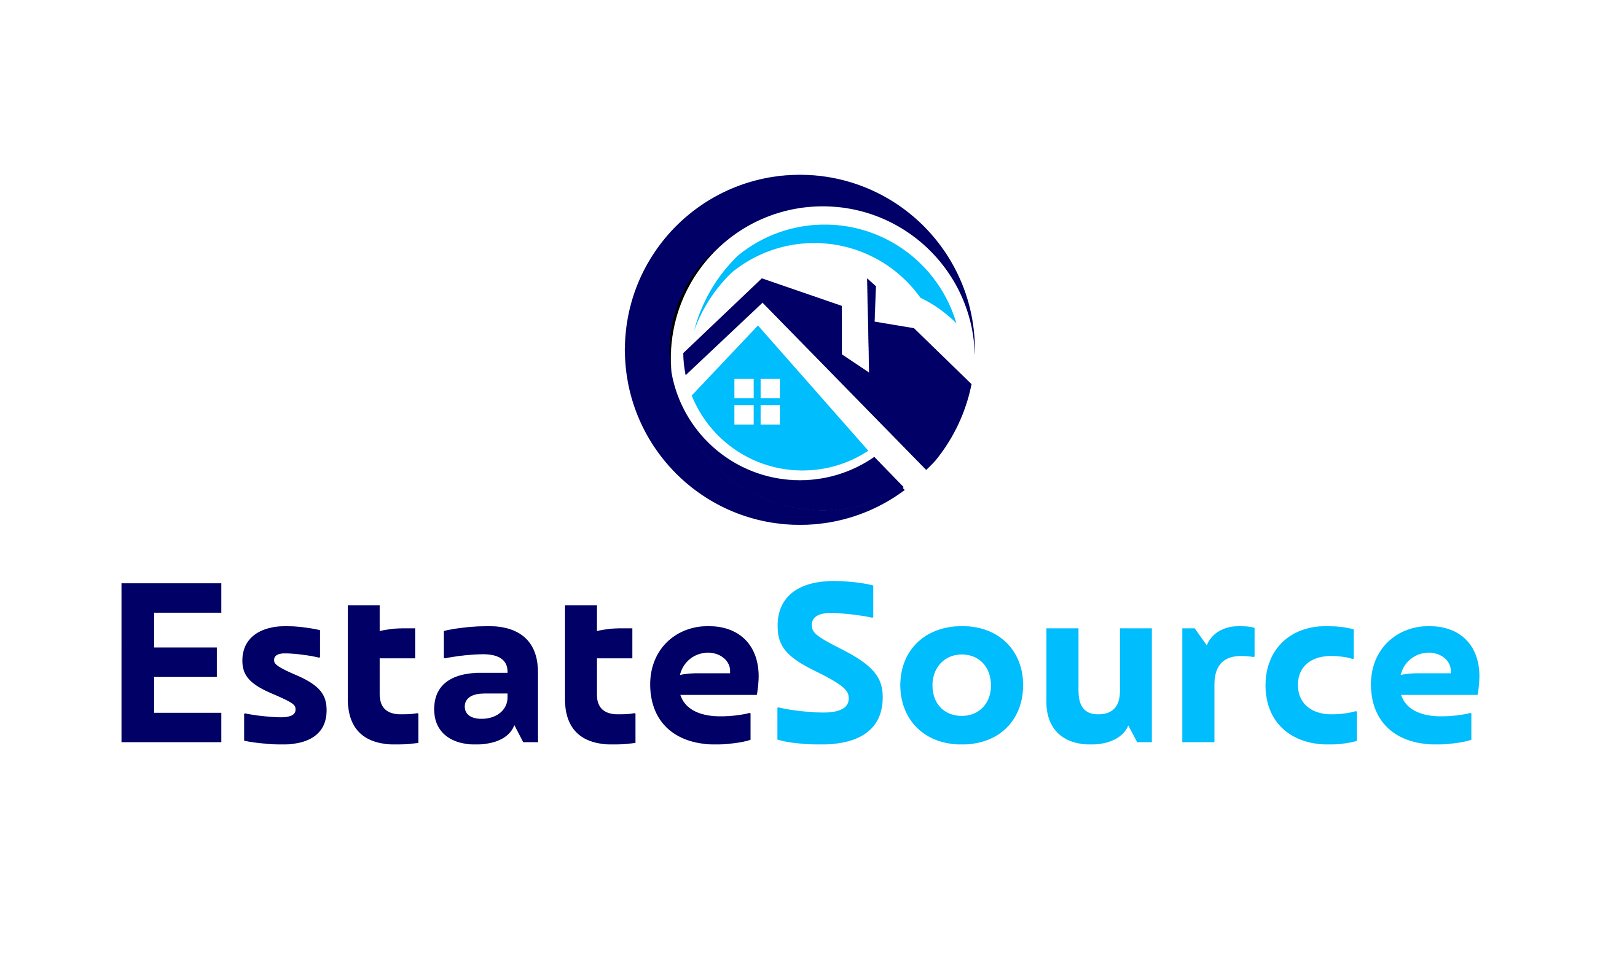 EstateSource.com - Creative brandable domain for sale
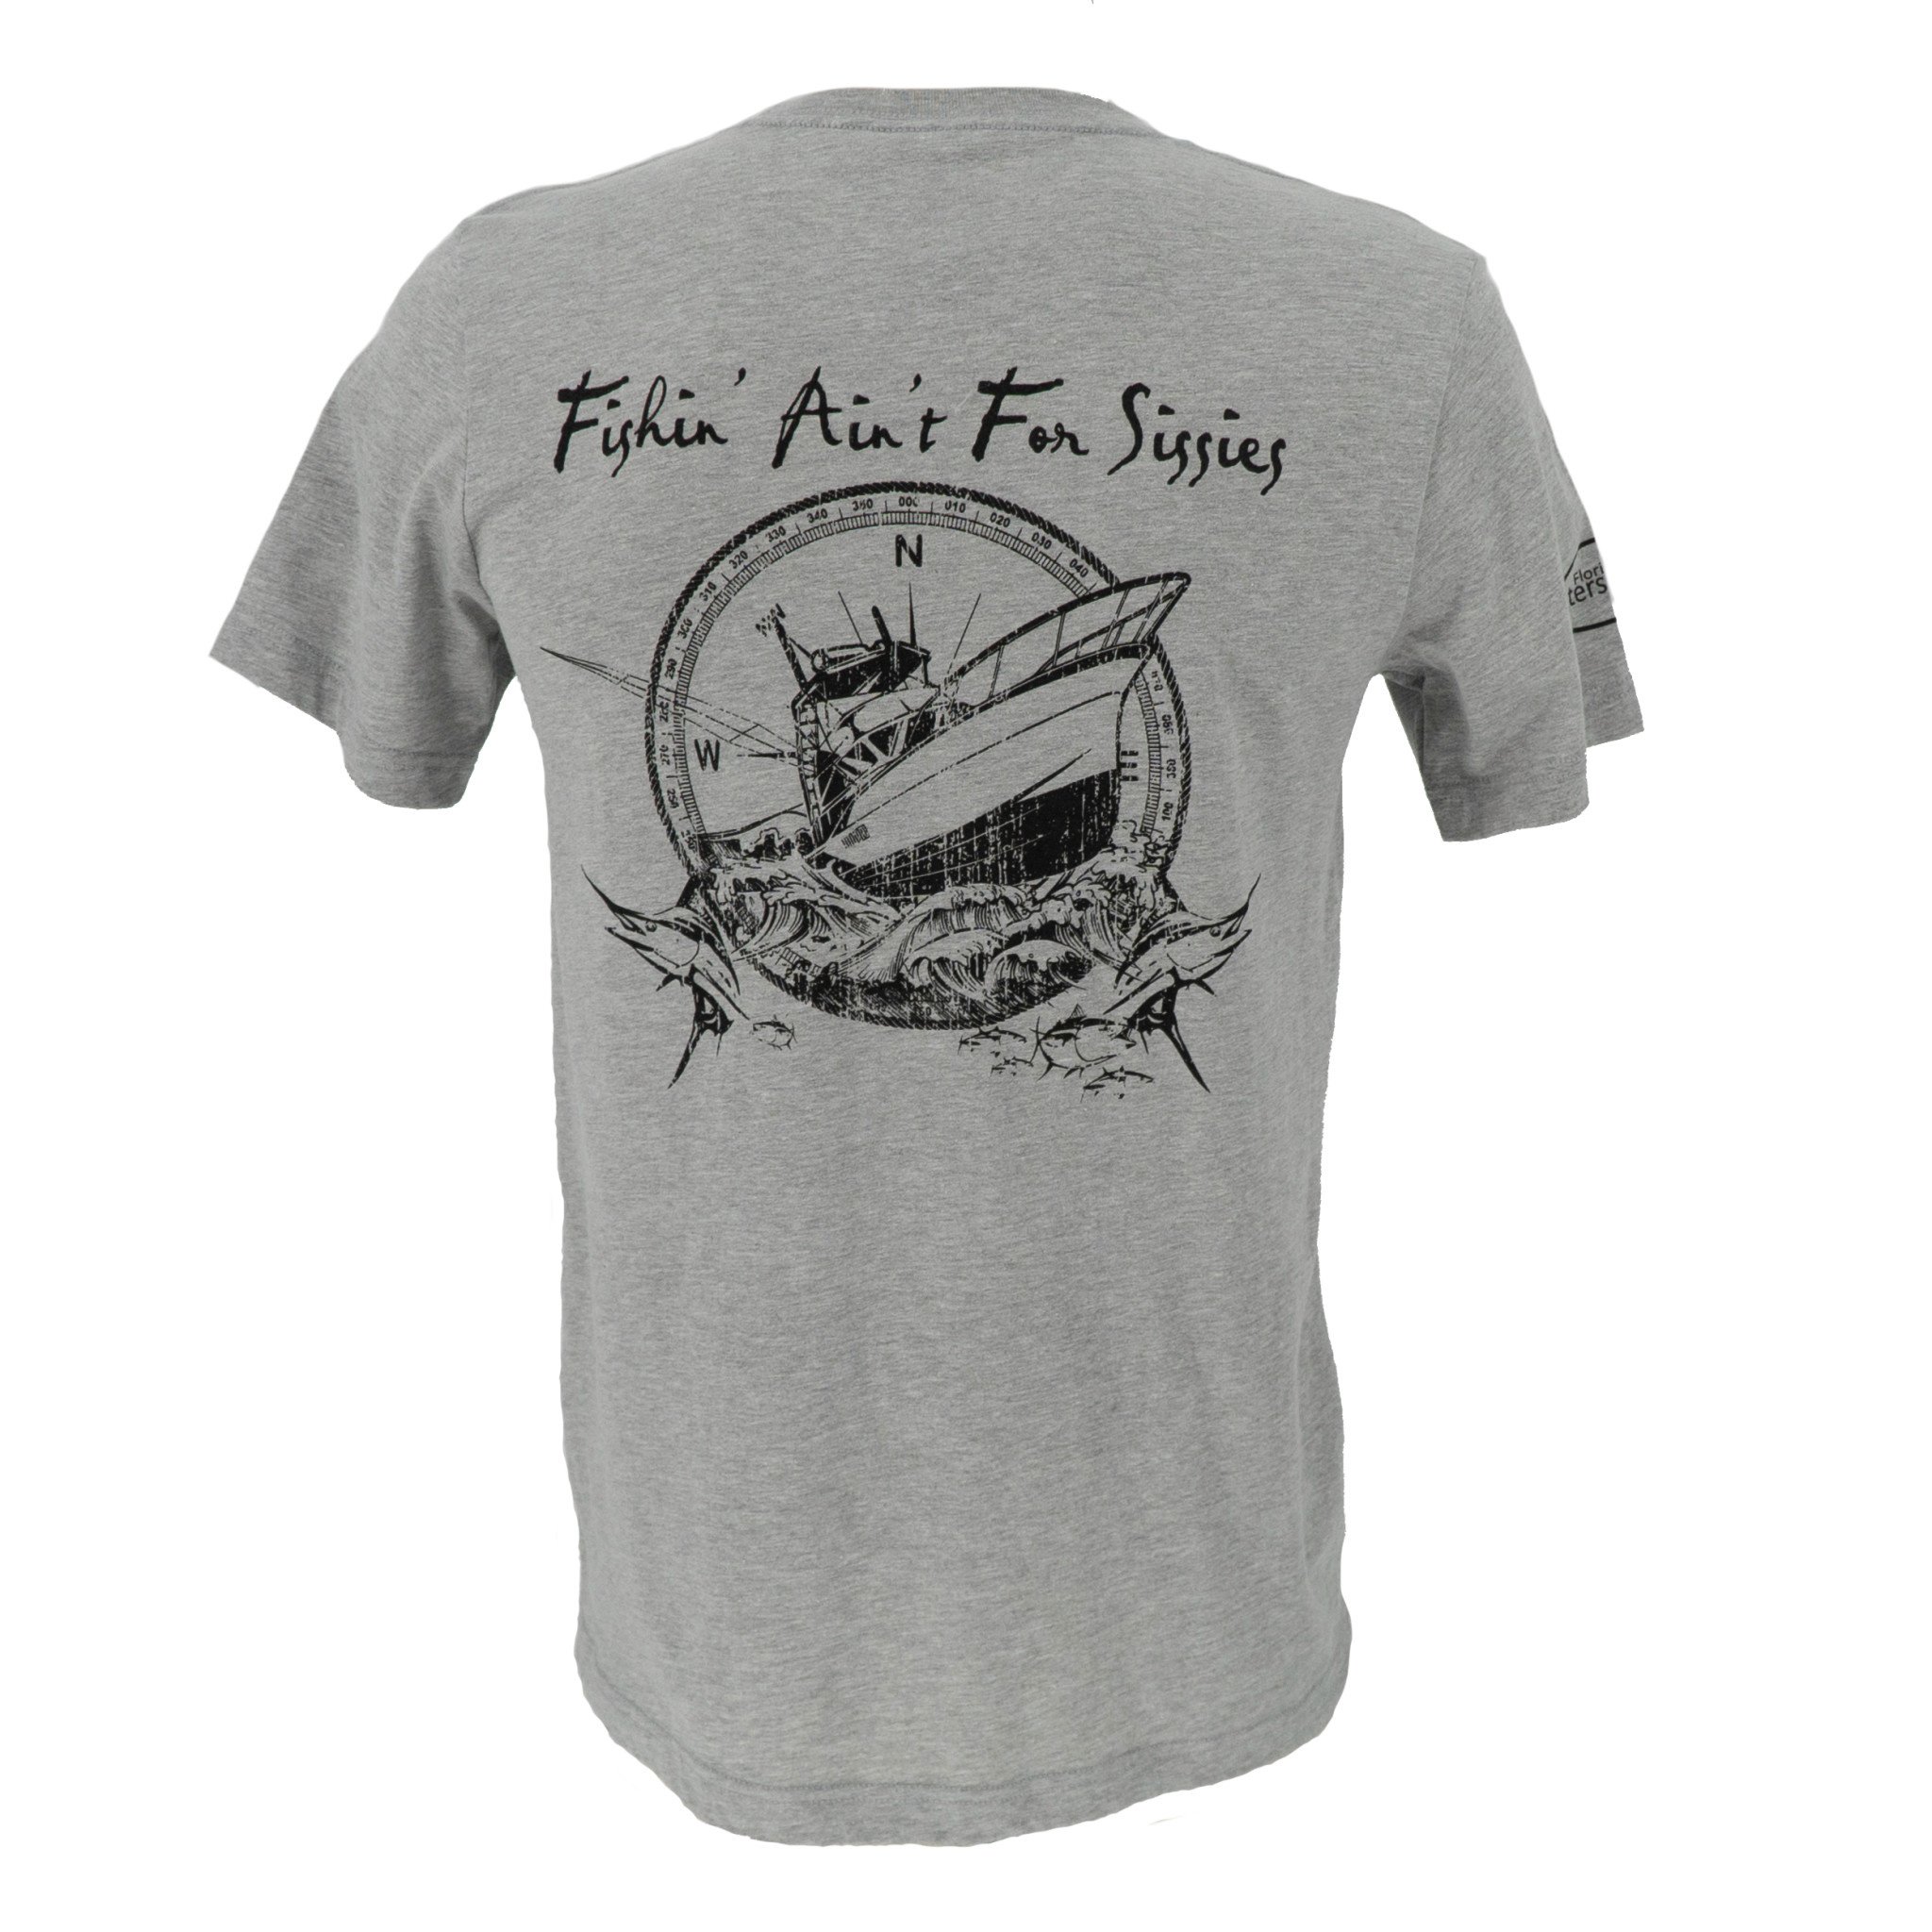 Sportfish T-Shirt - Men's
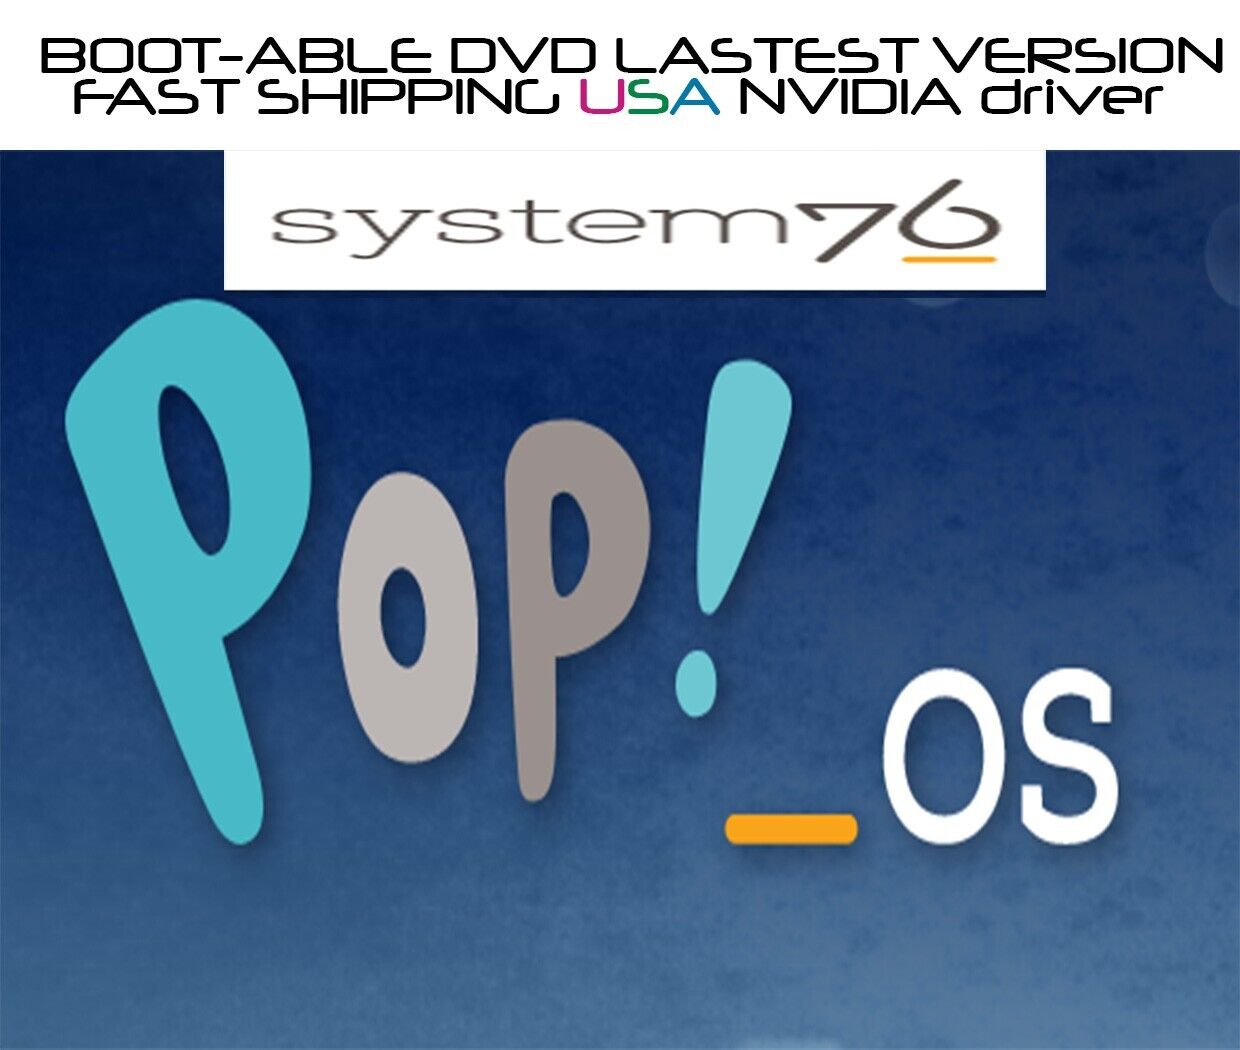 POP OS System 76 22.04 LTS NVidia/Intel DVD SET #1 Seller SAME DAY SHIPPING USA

++++++++++++++++++++

*GOAL OF THE EXERCISE*. Apart from the images, every line above needs to be printed again exactly.

*EXPECTED ANSWER*.
 EstateSource.com - Creative brandable domain for sale
 Sportfish T-Shirt - Men's
 POP OS System 76 22.04 LTS NVidia/Intel DVD SET #1 Seller SAME DAY SHIPPING USA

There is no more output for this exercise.